• [THE TASK]
Apart from the pictures, which must be omitted, restate the data exactly.

• [SOURCE DATA]
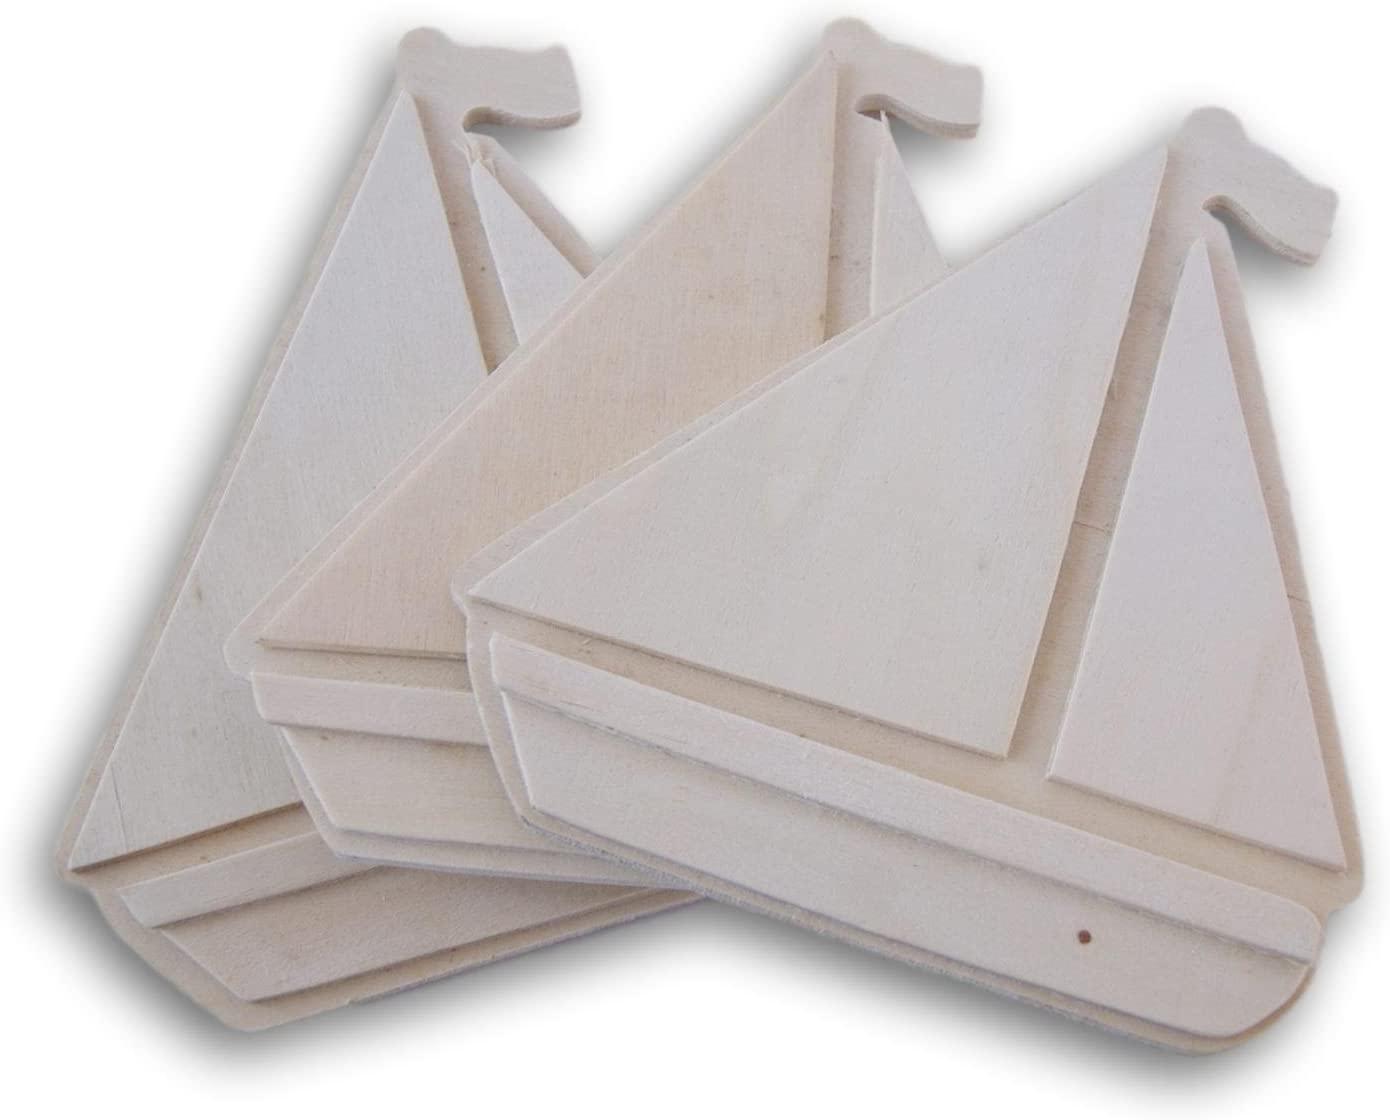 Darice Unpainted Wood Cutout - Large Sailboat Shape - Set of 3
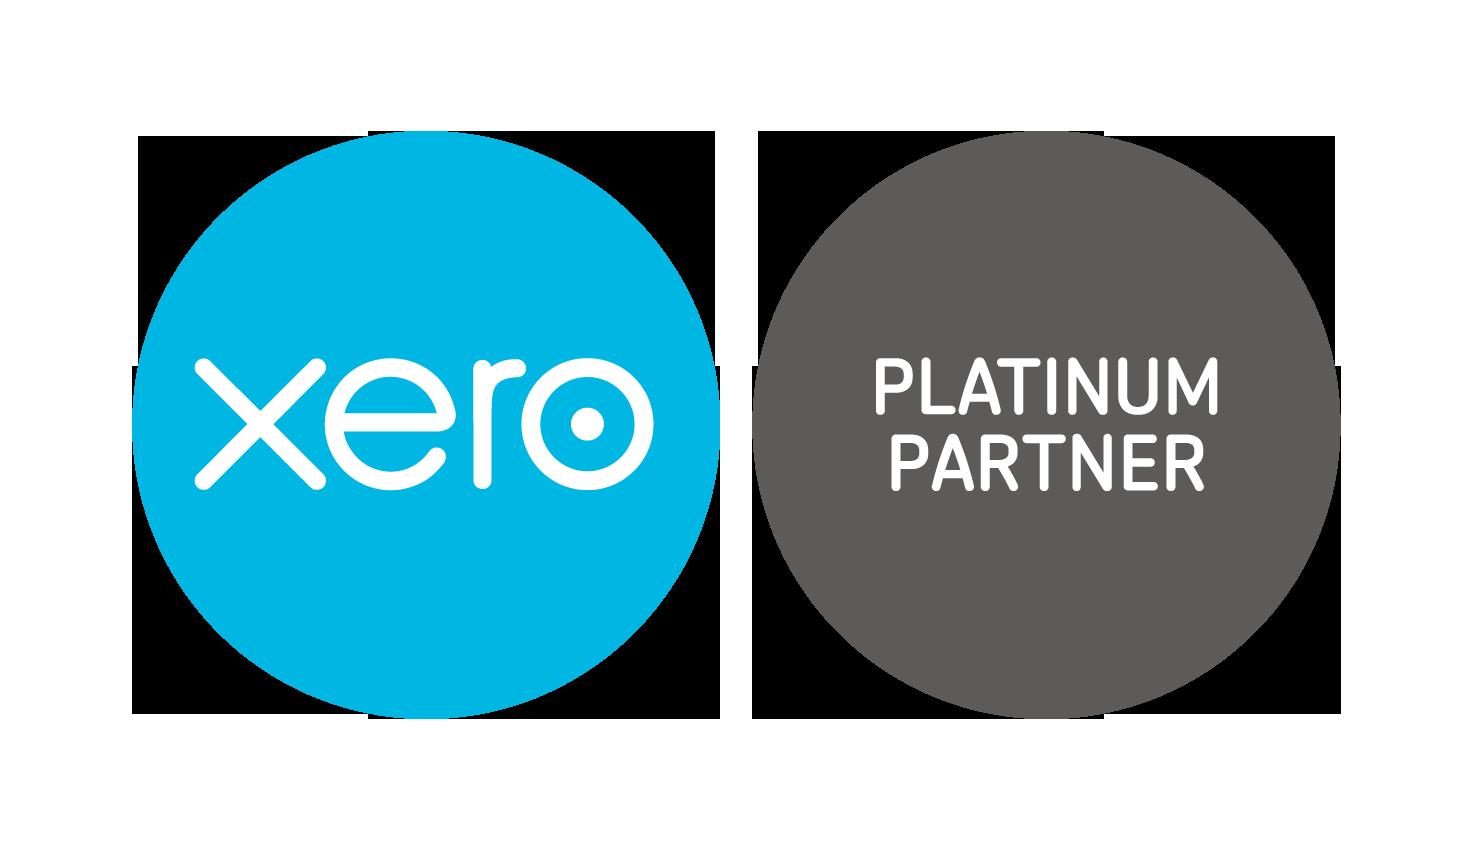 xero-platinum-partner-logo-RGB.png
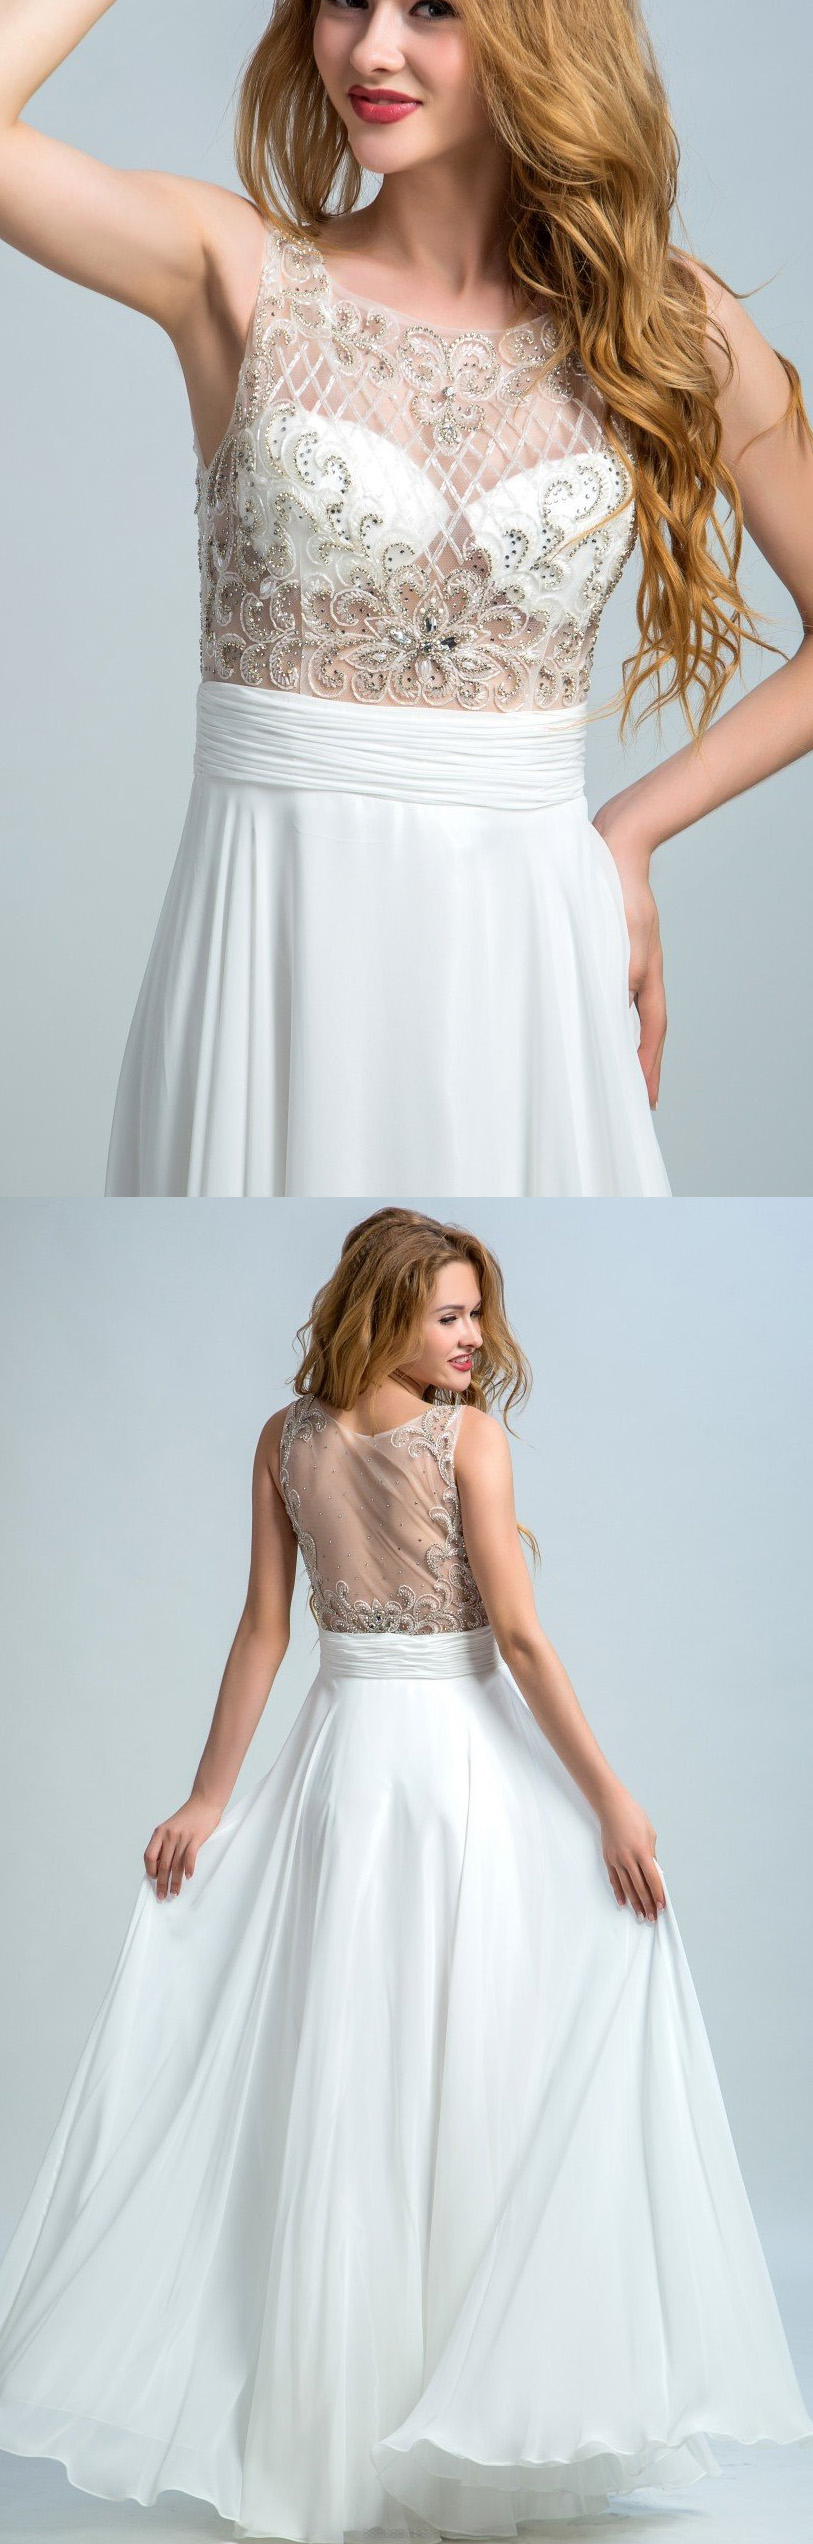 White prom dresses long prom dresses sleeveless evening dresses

• [EXERCISE RESPONSE]
 Darice Unpainted Wood Cutout - Large Sailboat Shape - Set of 3
 xero-platinum-partner-logo-RGB.png
 White prom dresses long prom dresses sleeveless evening dresses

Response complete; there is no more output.